*** Opening Dataset content ***
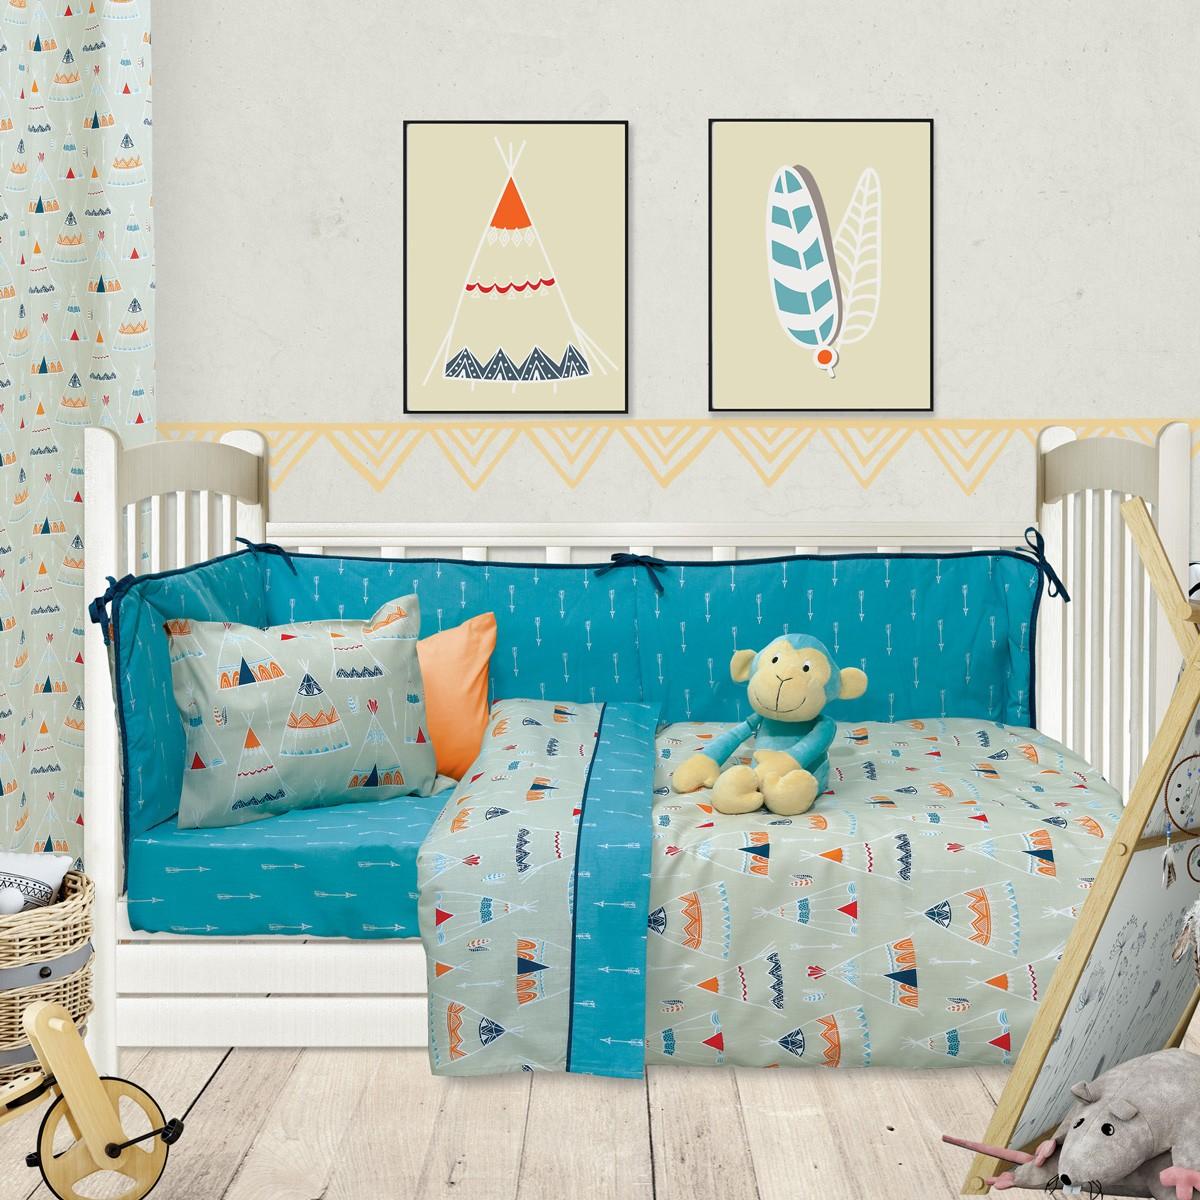 Παπλωματοθήκη Κούνιας (Σετ) Das Home Fun Prints 6417
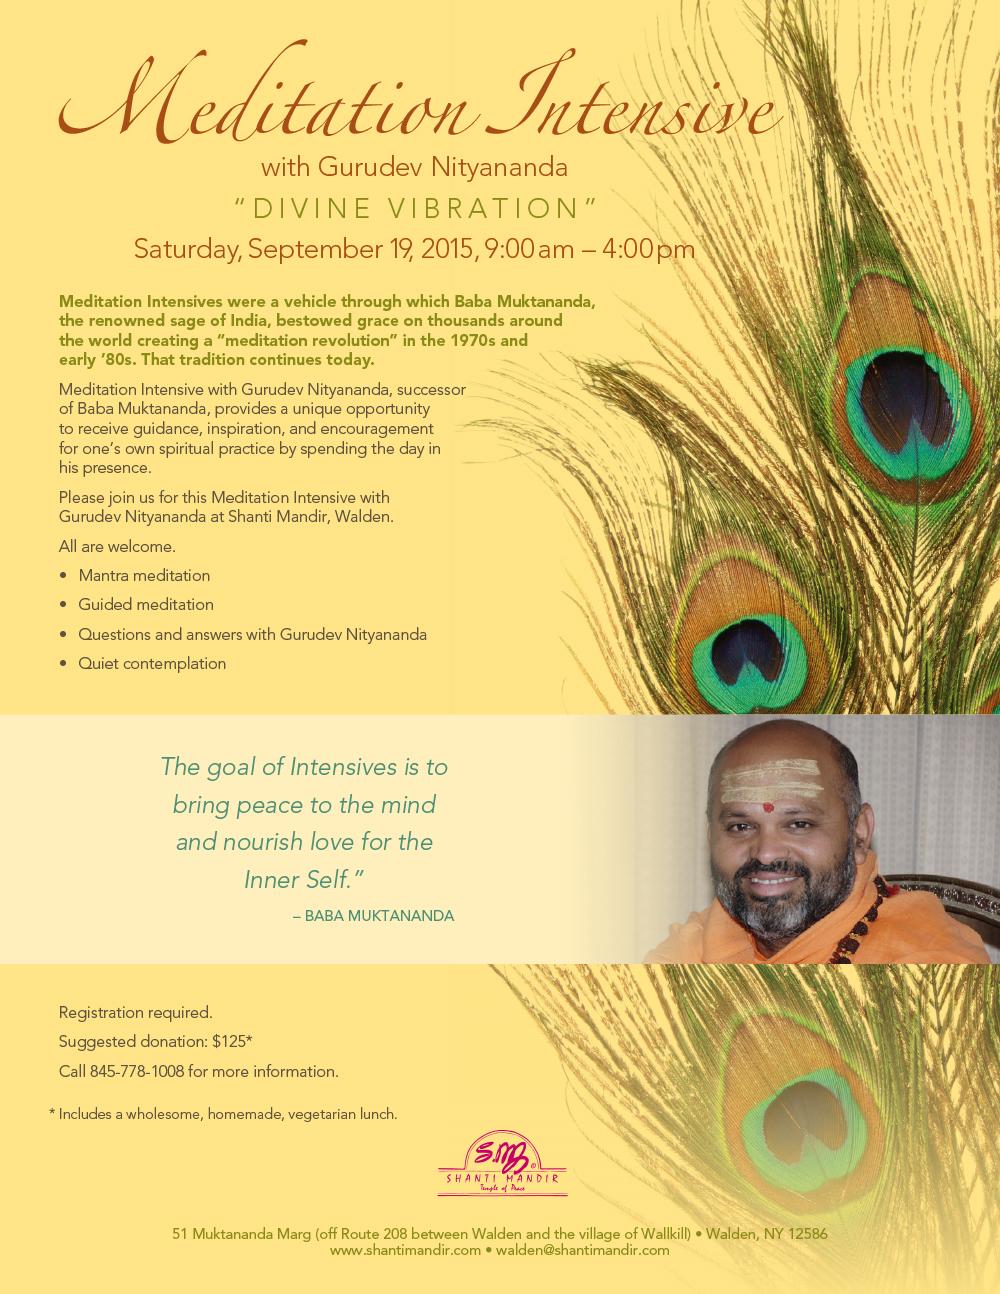 Meditation Intensive Flyer-Sept 2015
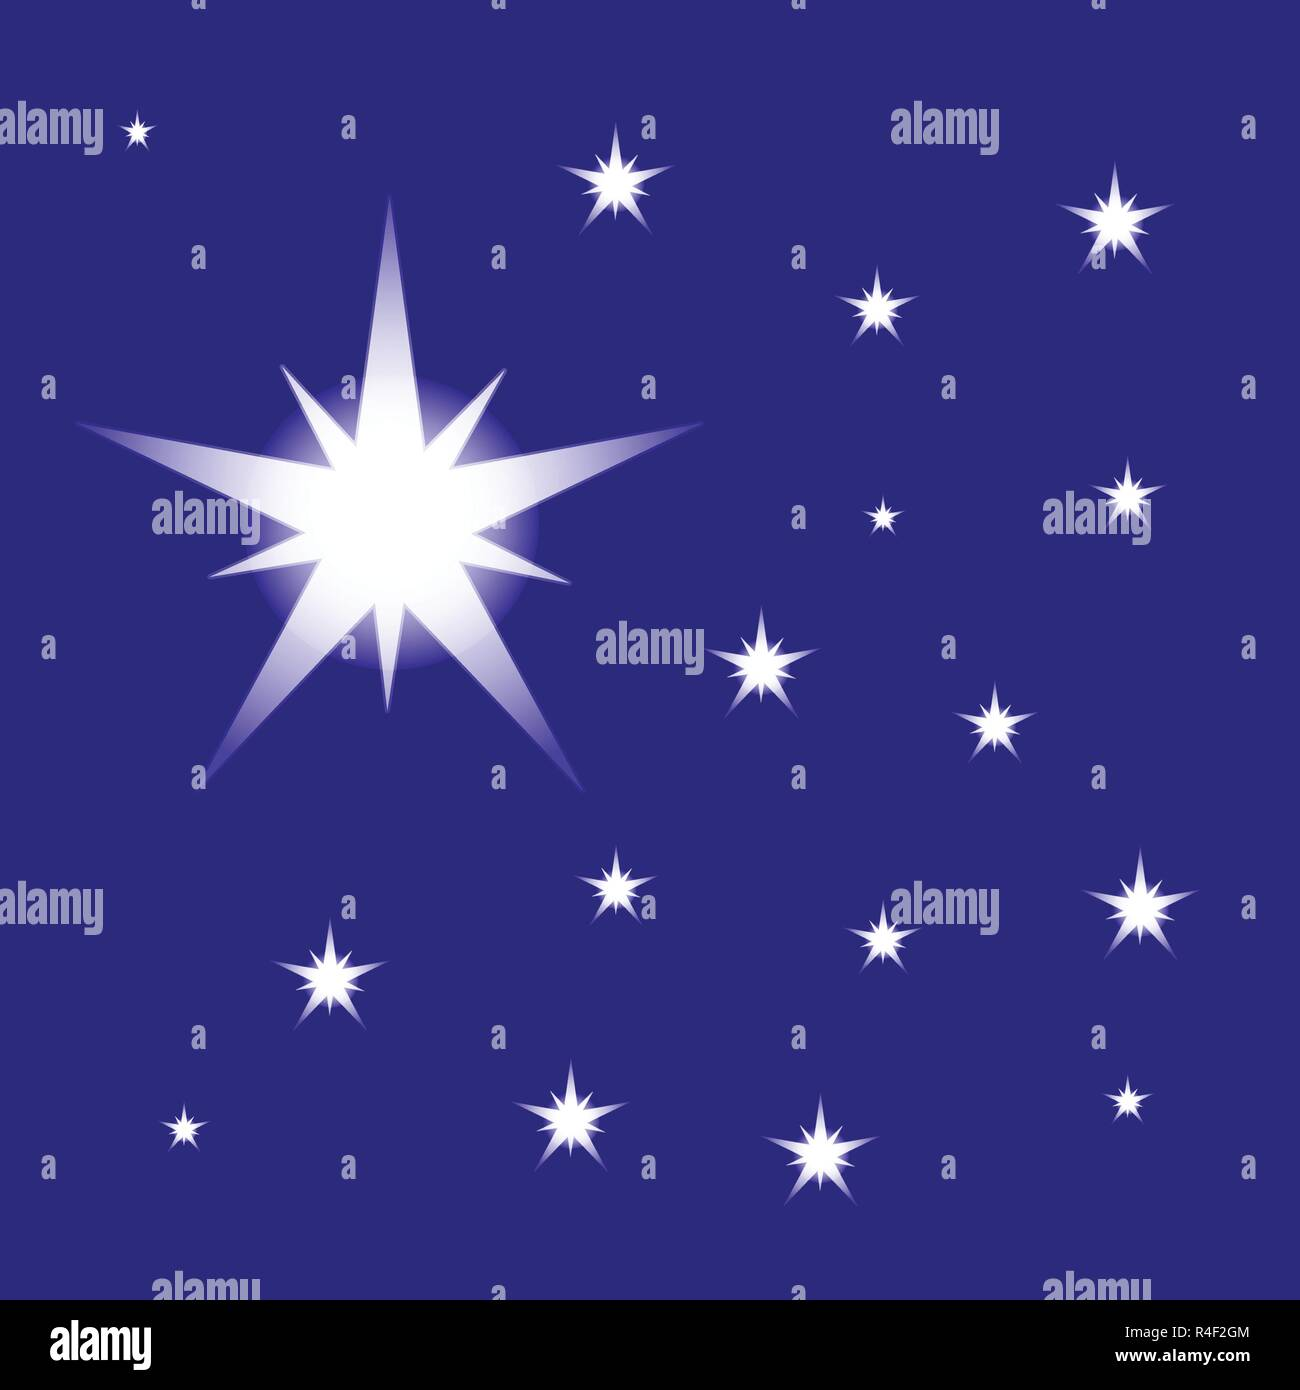 Cielo Stellato Vettore Isolato Su Sfondo Blu Stella Di Natale Per
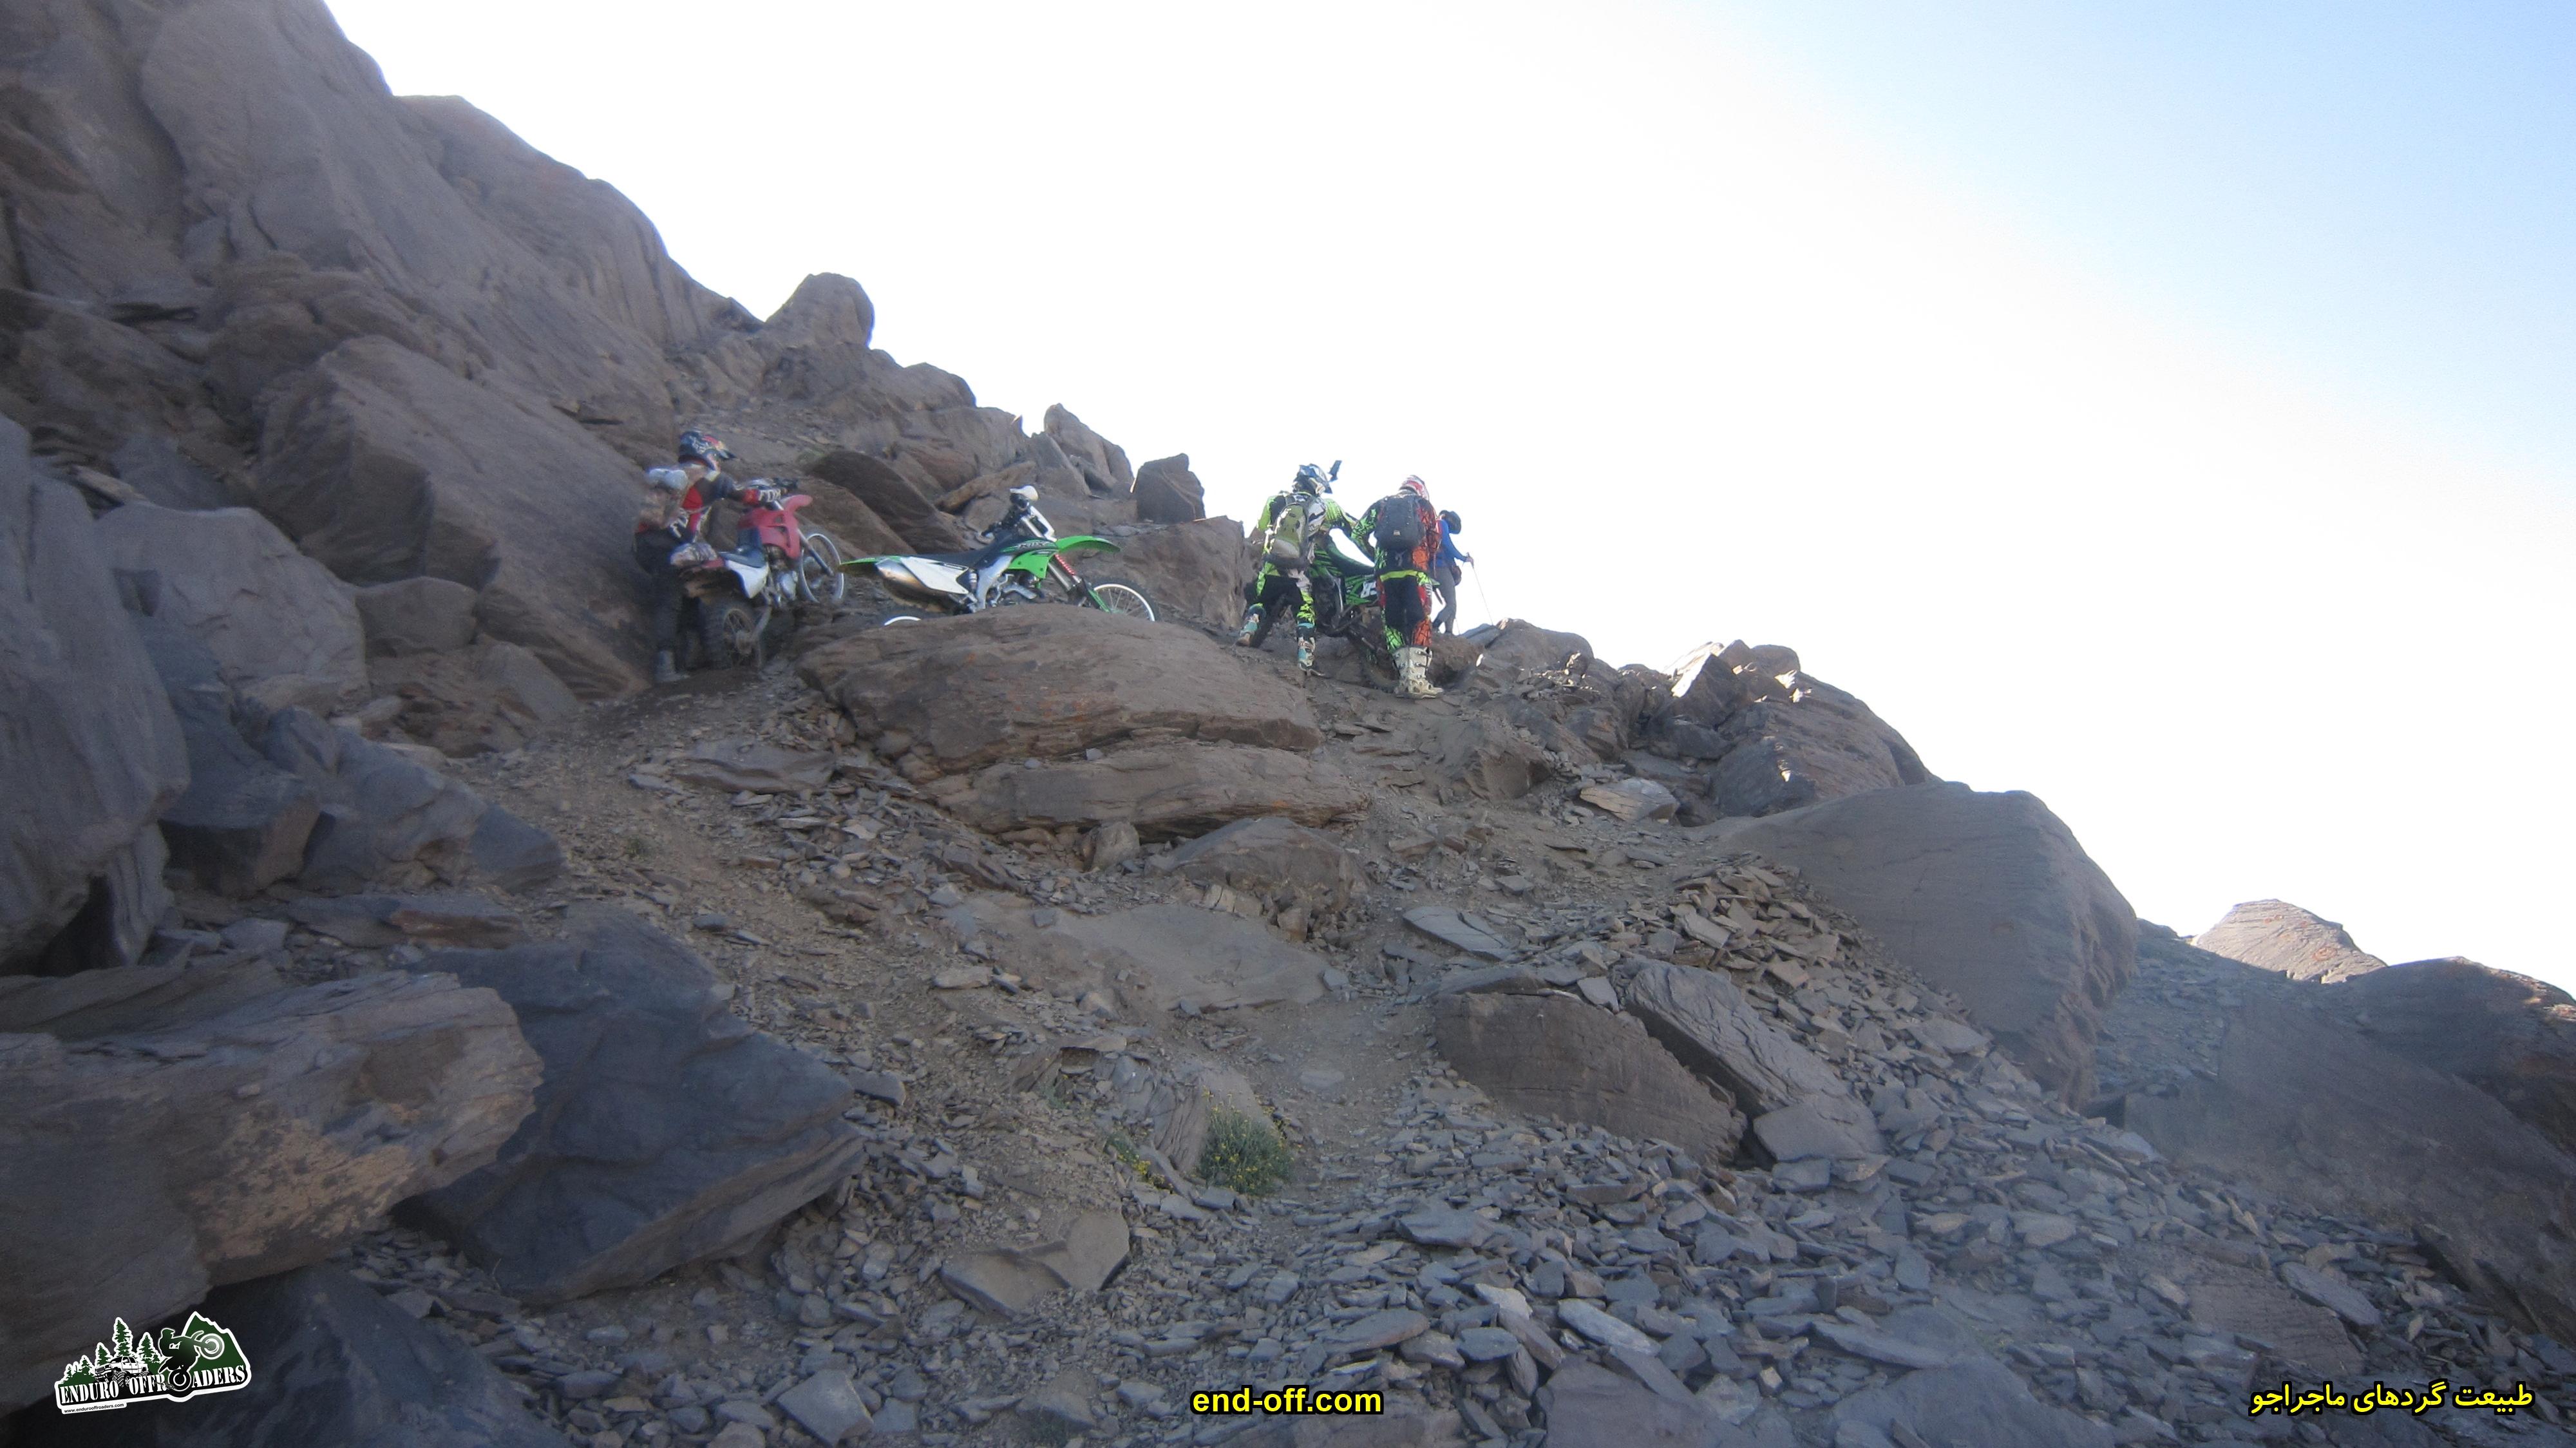 چالش در مسیر روستای هنیز بطرف قله سیالان با موتور - تابستان 1399
*** Closing Dataset content ***
*Required work*
Return exactly the lines that begin with the one containing "Cielo Stellato Vettore" and end with the final line of the data above; include no pictures.

*Solution below*
 Cielo Stellato Vettore Isolato Su Sfondo Blu Stella Di Natale Per
 چالش در مسیر روستای هنیز بطرف قله سیالان با موتور - تابستان 1399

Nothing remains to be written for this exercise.